Populating missing data based on previous month-end values
One approach to this problem is to do the following:
- Emulate
LEAD
on SQL Server 2008. You can useAPPLY
or a suquery for this. - For rows without a next row, add one month to their account date.
- Join to a dimension table that contains month end dates. This eliminates all rows that don't span at least a month and adds rows to fill in the gaps as necessary.
I modified your test data a little bit to make the results deterministic. Also added an index:
create table #histories
(
username varchar(10),
account varchar(10),
assigned date
);
insert into #histories
values
('PHIL','ACCOUNT1','2017-01-04'),
('PETER','ACCOUNT1','2017-01-15'),
('DAVE','ACCOUNT1','2017-03-04'),
('ANDY','ACCOUNT1','2017-05-06'),
('DAVE','ACCOUNT1','2017-05-07'),
('FRED','ACCOUNT1','2017-05-08'),
('JAMES','ACCOUNT1','2017-08-05'),
('DAVE','ACCOUNT2','2017-01-02'),
('PHIL','ACCOUNT2','2017-01-18'),
('JOSH','ACCOUNT2','2017-04-08'), -- changed this date to have deterministic results
('JAMES','ACCOUNT2','2017-04-09'),
('DAVE','ACCOUNT2','2017-05-06'),
('PHIL','ACCOUNT2','2017-05-07') ;
-- make life easy
create index gotta_go_fast ON #histories (account, assigned);
Here's the laziest date dimension table of all time:
create table #date_dim_months_only (
month_date date,
primary key (month_date)
);
-- put 2500 month ends into table
INSERT INTO #date_dim_months_only WITH (TABLOCK)

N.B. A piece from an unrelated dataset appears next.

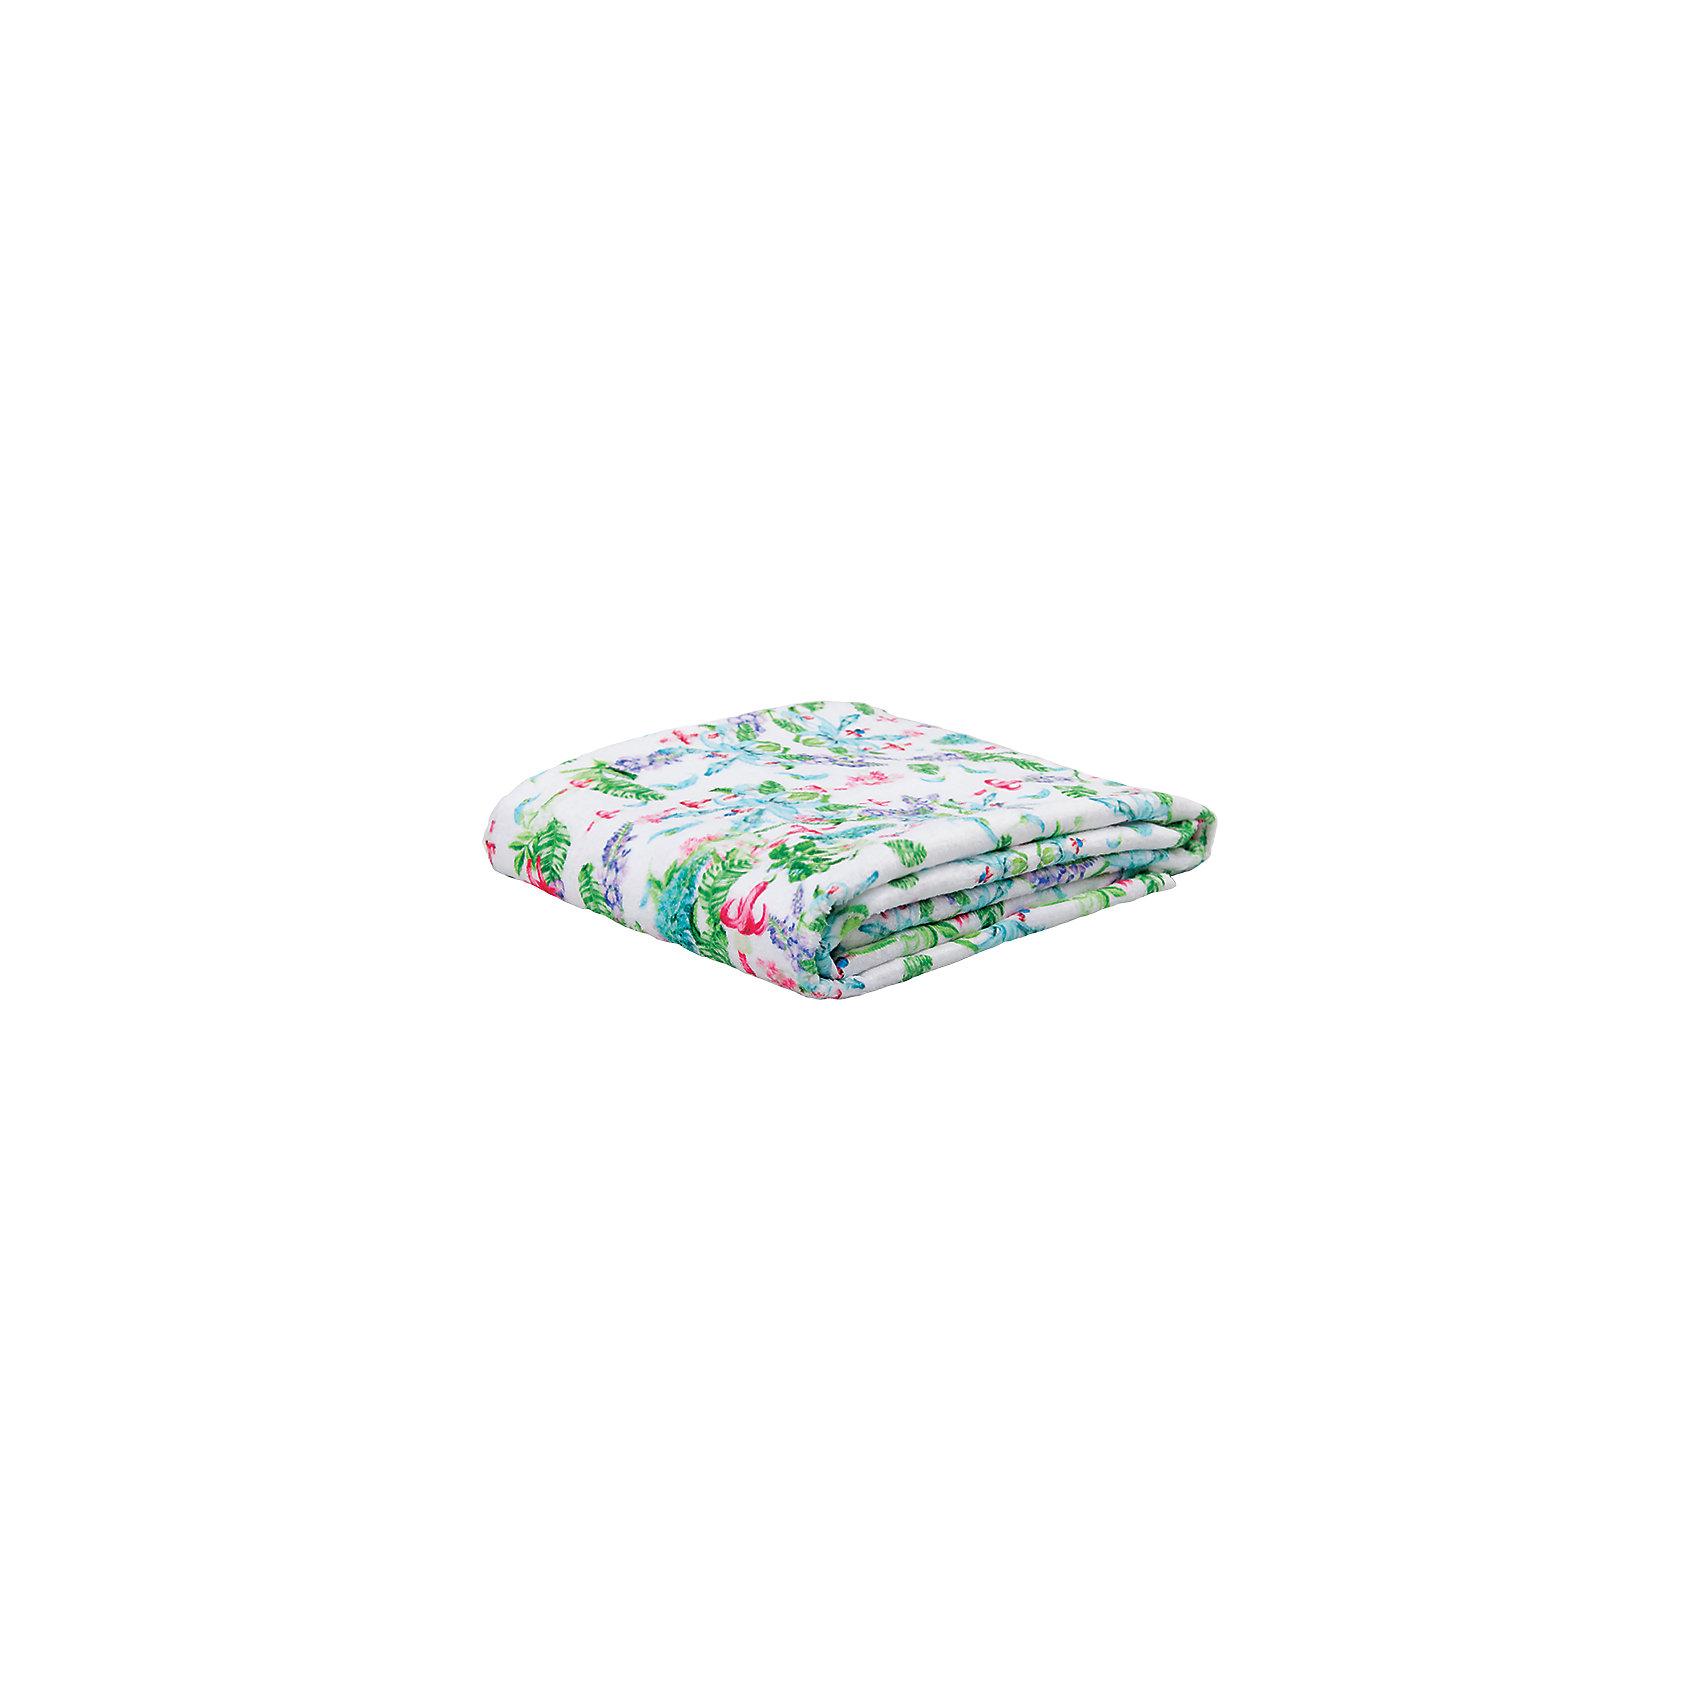 Полотенце «Jade» 50*90 хлопок велюр, Mona LizaПолотенца<br>Характеристики:<br><br>• материал: махра<br>• состав: 70% хлопок, 30% велюр<br>• размер полотенца: 50х90 см<br>• размер упаковки: 37х1х25 см<br>• вес: 350 грамм<br><br>Полотенце Jade отличается ярким дизайном и необычным принтом. Такое полотенце не только подарит вам ощущение сухости, но и поднимет настроение после водных процедур. Полотенце выполнено из махровой ткани. Она быстро впитывает влагу, обеспечивая вам комфорт при использовании. К тому же, махра практически не мнется и легко отстирывается.<br><br>Полотенце «Jade» 50*90 хлопок велюр, Mona Liza (Мона Лиза) вы можете купить в нашем интернет-магазине.<br><br>Ширина мм: 300<br>Глубина мм: 10<br>Высота мм: 200<br>Вес г: 200<br>Возраст от месяцев: 84<br>Возраст до месяцев: 600<br>Пол: Унисекс<br>Возраст: Детский<br>SKU: 6765284
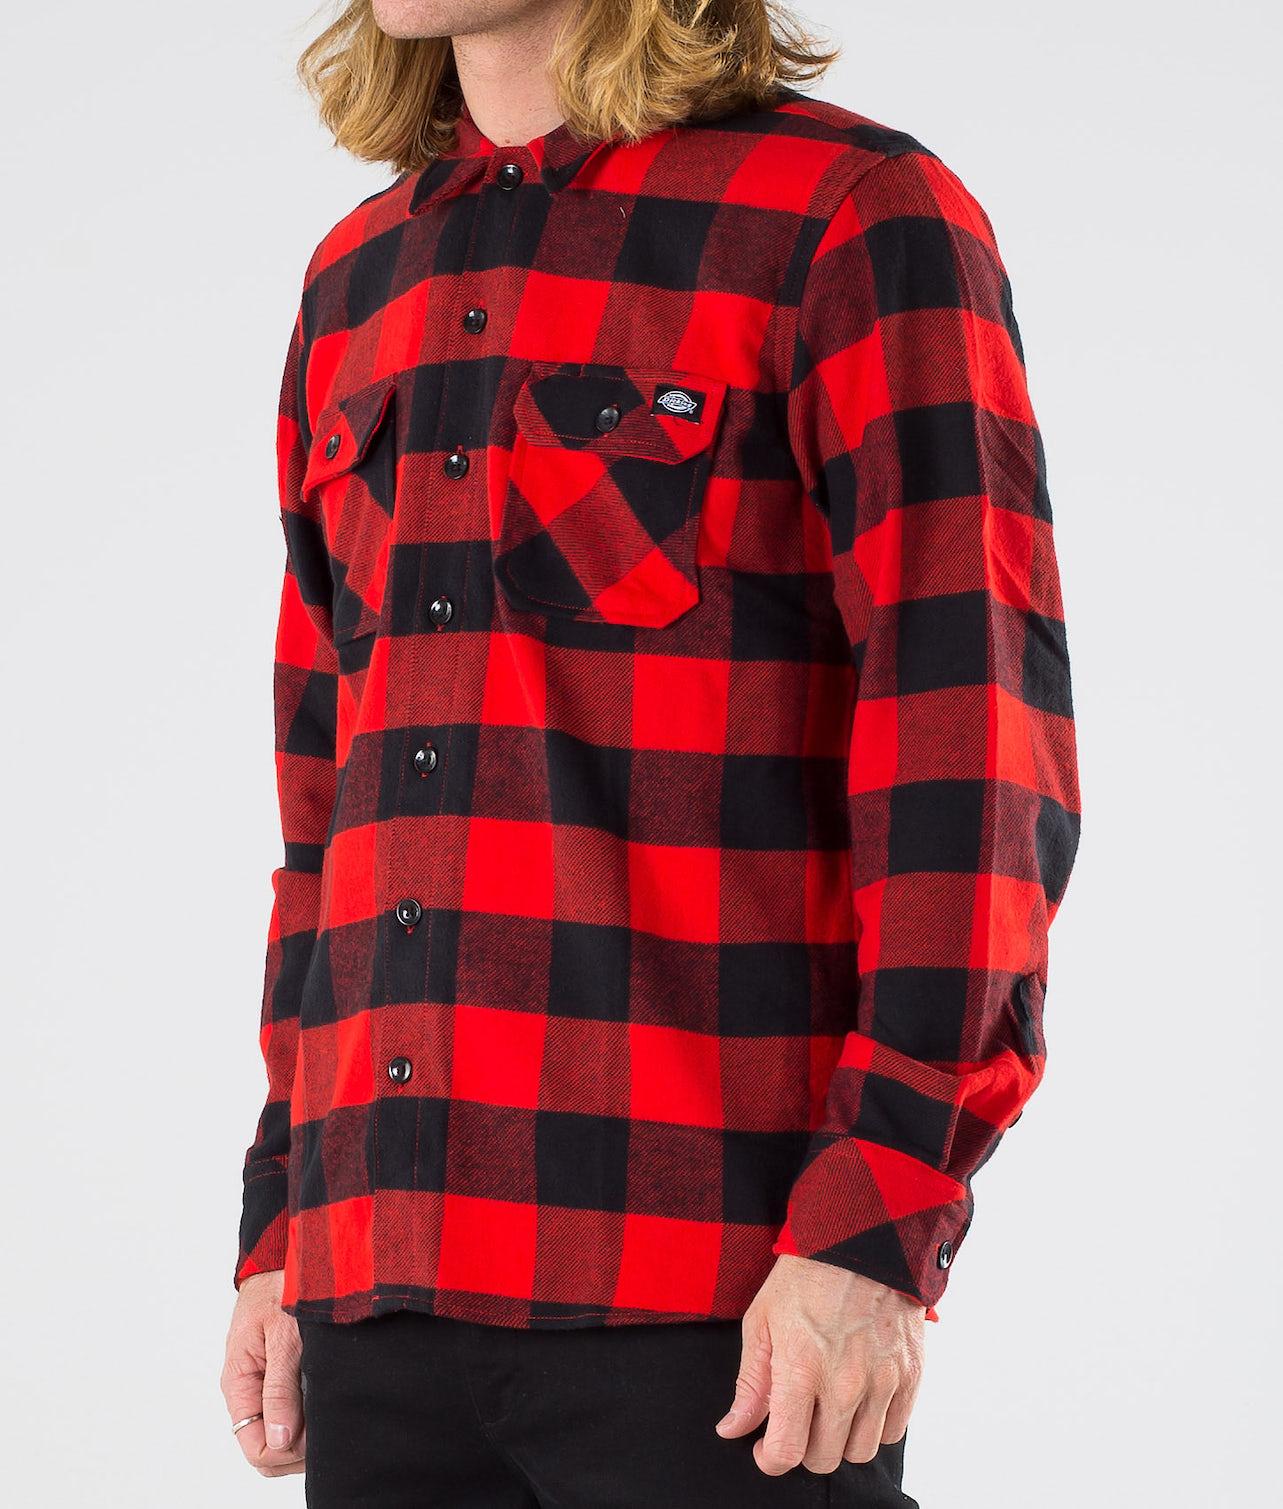 Kaufe Sacramento Hemd von Dickies bei Ridestore.de - Kostenloser, schneller Versand & Rückversand.

SELECT DATEADD(DAY, -1, DATEADD(MONTH, ROW_NUMBER() OVER (ORDER BY (SELECT NULL)), '20000101'))
FROM master..spt_values;
For step 1, there are plenty of ways to emulate LEAD
. Here's one method:
SELECT
h1.username
, h1.account
, h1.assigned
, next_date.assigned
FROM #histories h1
OUTER APPLY (
SELECT TOP 1 h2.assigned
FROM #histories h2
WHERE h1.account = h2.account
AND h1.assigned < h2.assigned
ORDER BY h2.assigned ASC
) next_date;
For step 2, we need to change the NULL values to something else. You want to include the final month for each account, so adding one month to the starting date suffices:
ISNULL(next_date.assigned, DATEADD(MONTH, 1, h1.assigned))
For step 3, we can join to the date dimension table. The column from the dimension table is exactly the column you need for the result set:
INNER JOIN #date_dim_months_only dd ON
dd.month_date >= h1.assigned AND
dd.month_date < ISNULL(next_date.assigned, DATEADD(MONTH, 1, h1.assigned))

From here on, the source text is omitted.